Algunos libros de la Biblia (profetas, Job, Qohélet y muchos textos de los Evangelios y de Pablo), reaccionaron fuertemente ante esta visión económica de la fe, los sacrificios y el culto, e hicieron todo lo posible por mantener a Dios fuera de este comercio, para salvarlo de nuestra constante tentación de manipularlo. Pero en la Biblia, en el Antiguo y en el Nuevo Testamento, y posteriormente en la teología y en la praxis cristiana, quedan restos, a veces muy visibles, de esta idea mercantil de la religión. La muerte de Cristo llegó a ser interpretada como el “pago” de un precio al Padre, y el sufrimiento propio y ajeno es visto como una “moneda” que hay que pagar a un Dios acreedor.
Uno de los lugares donde la religión económica ha producido daños más cuantiosos y graves es en la valoración social, espiritual y ética de los pobres. A los mendigos se les consideraba pobres, pero también a los leprosos, ciegos, mudos y cojos. Todos ellos eran escorias de las comunidades. Para defender la idea de un Dios justo, las antiguas religiones económicas condenaban a los pobres, que se convertían así en descartados por la vida y por Dios. El “ciego y el cojo” eran portadores de culpas y pecados, y de ese modo Dios podía seguir siendo perfecto en su justicia, porque cada uno recibía de la vida exactamente lo que se merecía (por sí mismo o por sus padres). La riqueza era doblemente bendita y la pobreza doblemente maldita. Hasta antes de ayer, muchos padres segregaban en casa o en instituciones a los hijos portadores de graves discapacidades, porque sentían con demasiada fuerza sobre su familia la maldición religiosa y social por tener unos hijos distintos. Han tenido que pasar milenios para que las civilizaciones humanas (aún no todas) reconozcan por fin que la discapacidad no es una maldición, y que la indigencia material y psicofísica no es un estigma, sino una pregunta de cuya respuesta depende la calidad cívica y moral de una sociedad y su más importante justicia. Esta es una de las mayores conquistas de la humanidad, pero es siempre frágil. La antigua idea de la pobreza como maldición cambia de forma (paro, ineficiencia, inmigración…), se disfraza y mimetiza (meritocracia), pero su capacidad para convencernos de que la pobreza de los demás no tiene ninguna relación con nuestra riqueza “merecida” sigue siendo muy fuerte. Culpabilizar a las víctimas es la estrategia más antigua y simple para negar cualquier responsabilidad propia.

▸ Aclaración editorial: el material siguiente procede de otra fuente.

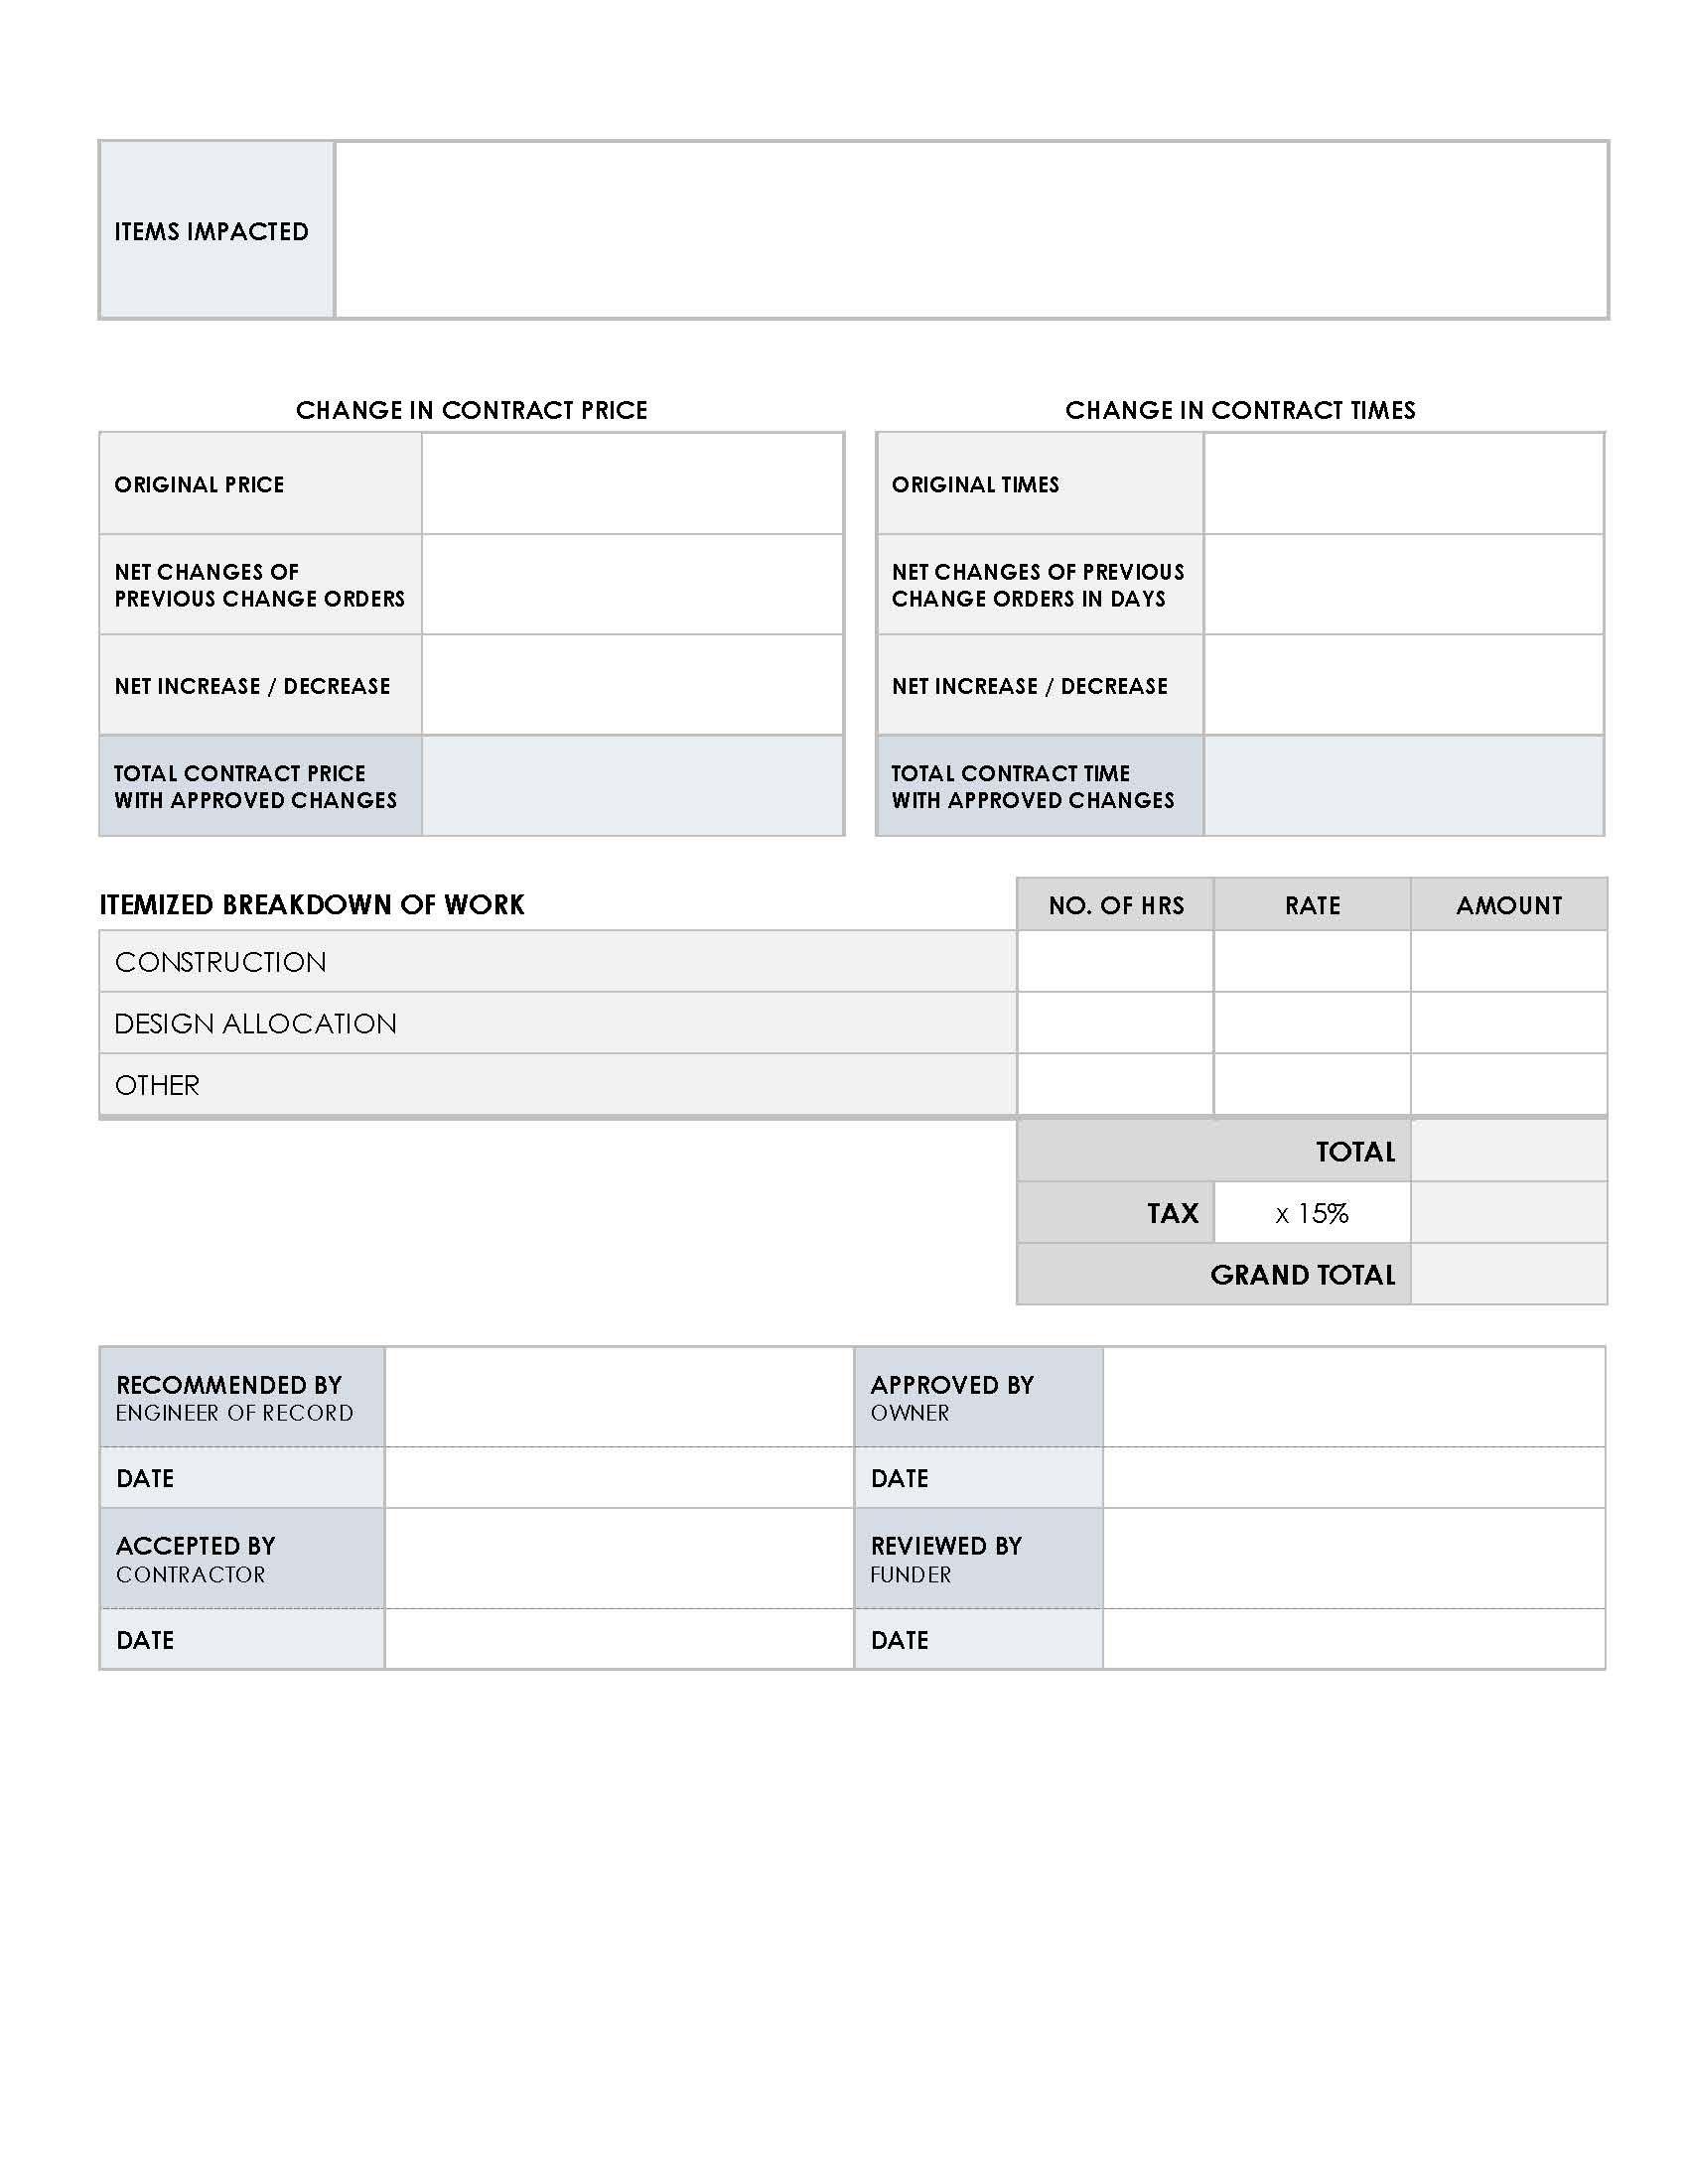 Engineering Change Order Template Free Download Project Management Templates Templates Templates Free Download

«Fueron, pues, a Hebrón todos los concejales de Israel para visitar al rey. El rey David hizo un pacto con ellos, en Hebrón, ante el Señor y ellos ungieron a David rey de Israel» (2 Samuel 5,3). Después de la consagración de Samuel y de siete años y medio de reinado en Judá, David estipula un pacto con todas las tribus y se convierte en rey de Israel. Había sido elegido y ungido de muchacho, pero hasta este momento no se convierte en verdadero rey, gracias a un pacto. La vocación nace de un encuentro muy personal con una voz que llama pronunciando un nombre, en un espacio de diálogo interior del corazón donde al principio no puede ni debe entrar nadie. Así es como comienzan y se desarrollan las vocaciones en los primeros tiempos. Pero solo florecen plenamente si un día ese diálogo entre dos genera un pacto, una experiencia de reciprocidad, un compromiso público con otros hombres y mujeres; si ese primer diálogo íntimo se convierte en discurso social, en proyecto común, en acción social, y esa primera voz nos dice que construyamos con otros un arca para salvar a alguien. Las vocaciones deben convertirse en pactos. Muchas llamadas auténticas se bloquean y malogran porque ese “primer diálogo” dura demasiado y no llegan a convertirse en pacto, en alianza, en compromiso comunitario. Es fácil que eso ocurra, puesto que el pacto debe nacer necesariamente sobre la muerte del primer diálogo íntimo, y el temor a la muerte dificulta que el diálogo resurja en pacto. Los pactos son encuentros de promesas sobre un futuro común libre, no blindado por el presente. En esta tierra nuestra, rebosante de contratos que devoran los pactos y las alianzas, los pactos son cada vez más raros. Los contratos se presentan engañosamente como “mercancías” parecidas a los pactos, pero con un precio mucho más bajo. Se trata de un dumping relacional.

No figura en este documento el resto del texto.